6. Data dispatch resiliency: Dag,task is independent of resource management.


7. High elasticity of data fragmentation


Based on the characteristics of RDD, its fault-tolerant mechanism is mainly two kinds: one is checkpoint, the other is based on lineage (descent) fault tolerance. In general, Spark chooses pedigree fault tolerance because it is expensive to make checkpoints for large datasets. But in some cases, it is better to say that lineage chain is too complex and lengthy, this time need to do checkpoint.


Considering the Rdd dependency, each stage is internally narrow-dependent, which is generally based on lineage fault-tolerant, convenient and efficient. There is a wide dependency between the stages, which produces a shuffle operation, which makes the checkpoint better. In summary, the stage inside do lineage,stage between do checkpoint.
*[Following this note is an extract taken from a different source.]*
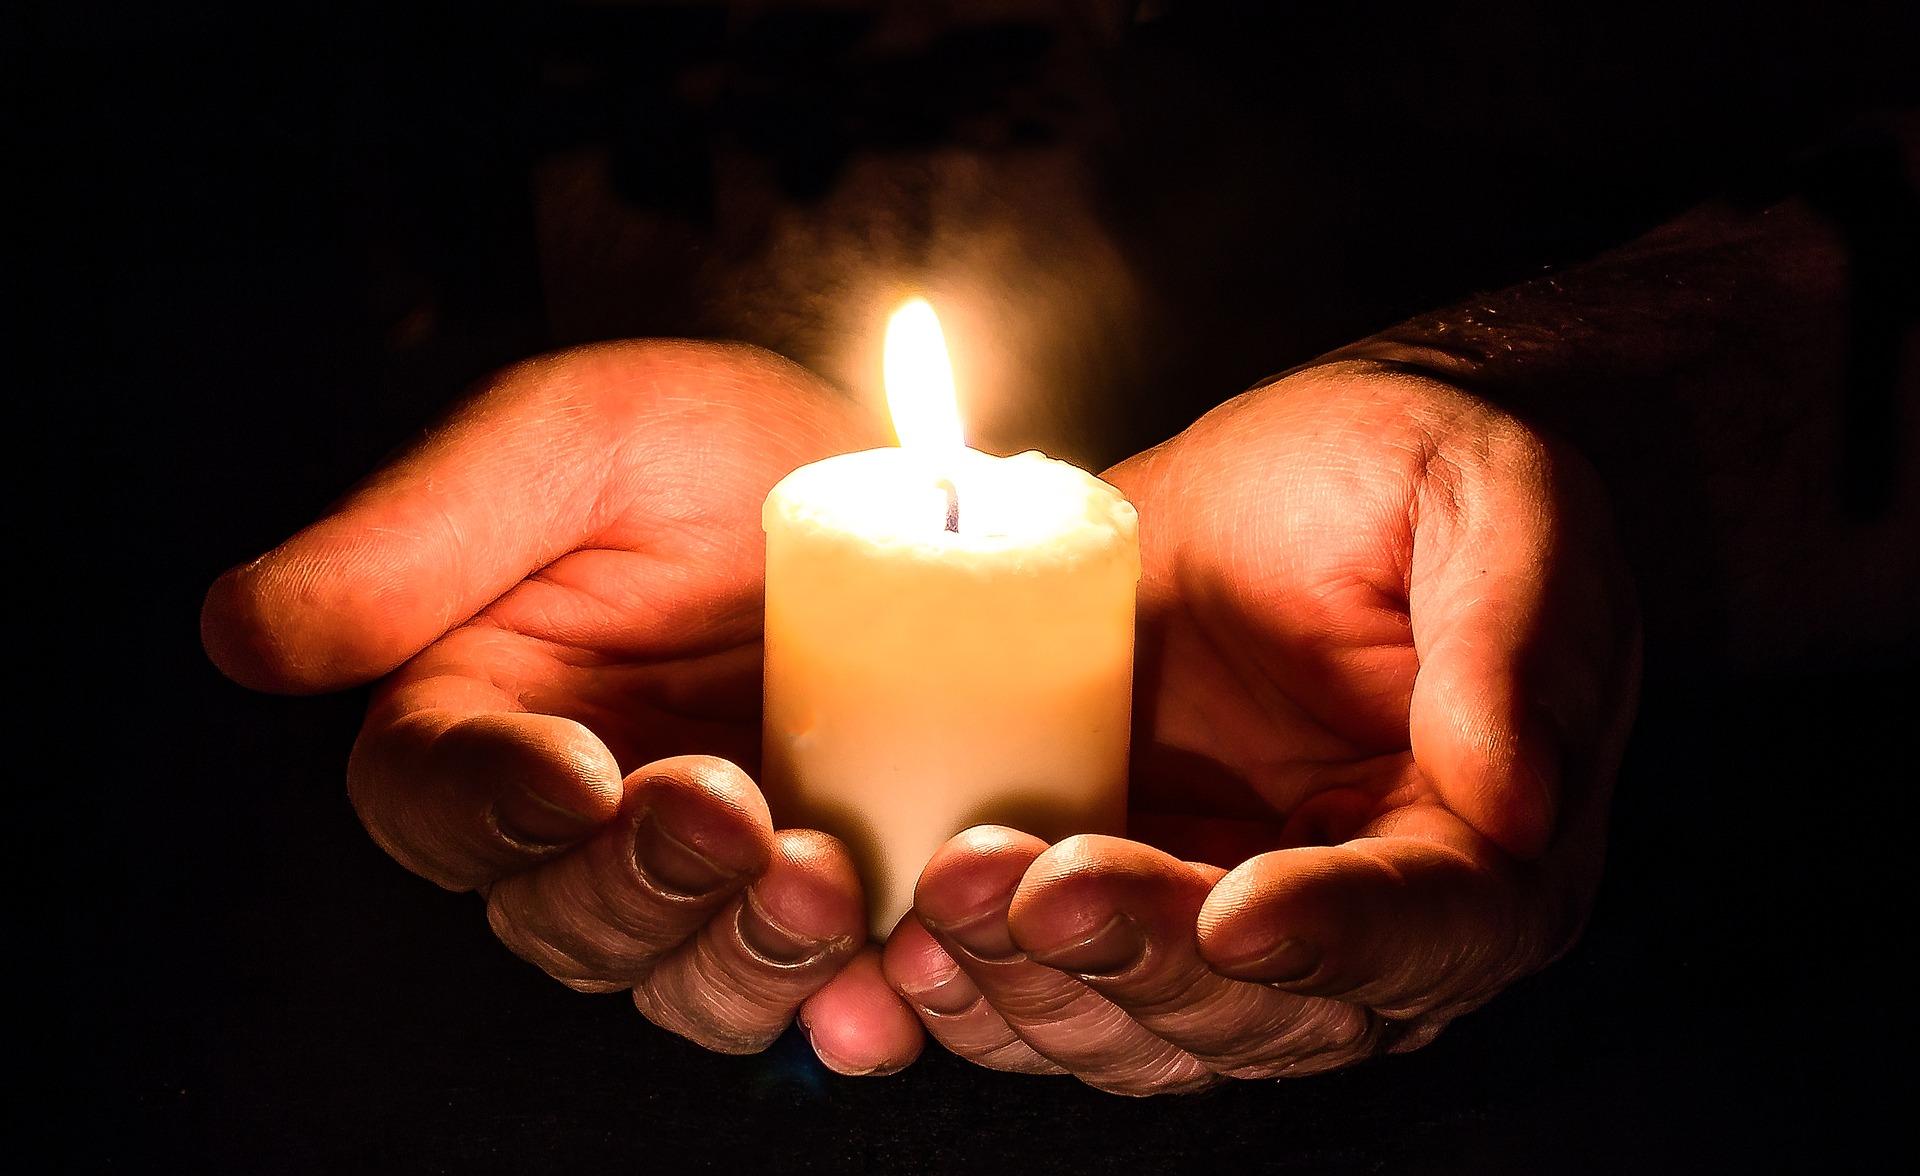 Prayer Request for Dakota Miller, Boy Who Accidentally Shot Himself

3rd Lesson: A thorough understanding of sparkstreaming through cases kick: decryption sparkstreaming operation mechanism and architecture advanced job and fault tolerance

Contact Us

The content source of this page is from Internet, which doesn't represent Alibaba Cloud's opinion; products and services mentioned on that page don't have any relationship with Alibaba Cloud. If the content of the page makes you feel confusing, please write us an email, we will handle the problem within 5 days after receiving your email.

If you find any instances of plagiarism from the community, please send an email to: info-contact@alibabacloud.com and provide relevant evidence. A staff member will contact you within 5 working days.

A Free Trial That Lets You Build Big!

Start building with 50+ products and up to 12 months usage for Elastic Compute Service

  • Sales Support

    1 on 1 presale consultation

  • After-Sales Support

    24/7 Technical Support 6 Free Tickets per Quarter Faster Response

  • Alibaba Cloud offers highly flexible support services tailored to meet your exact needs.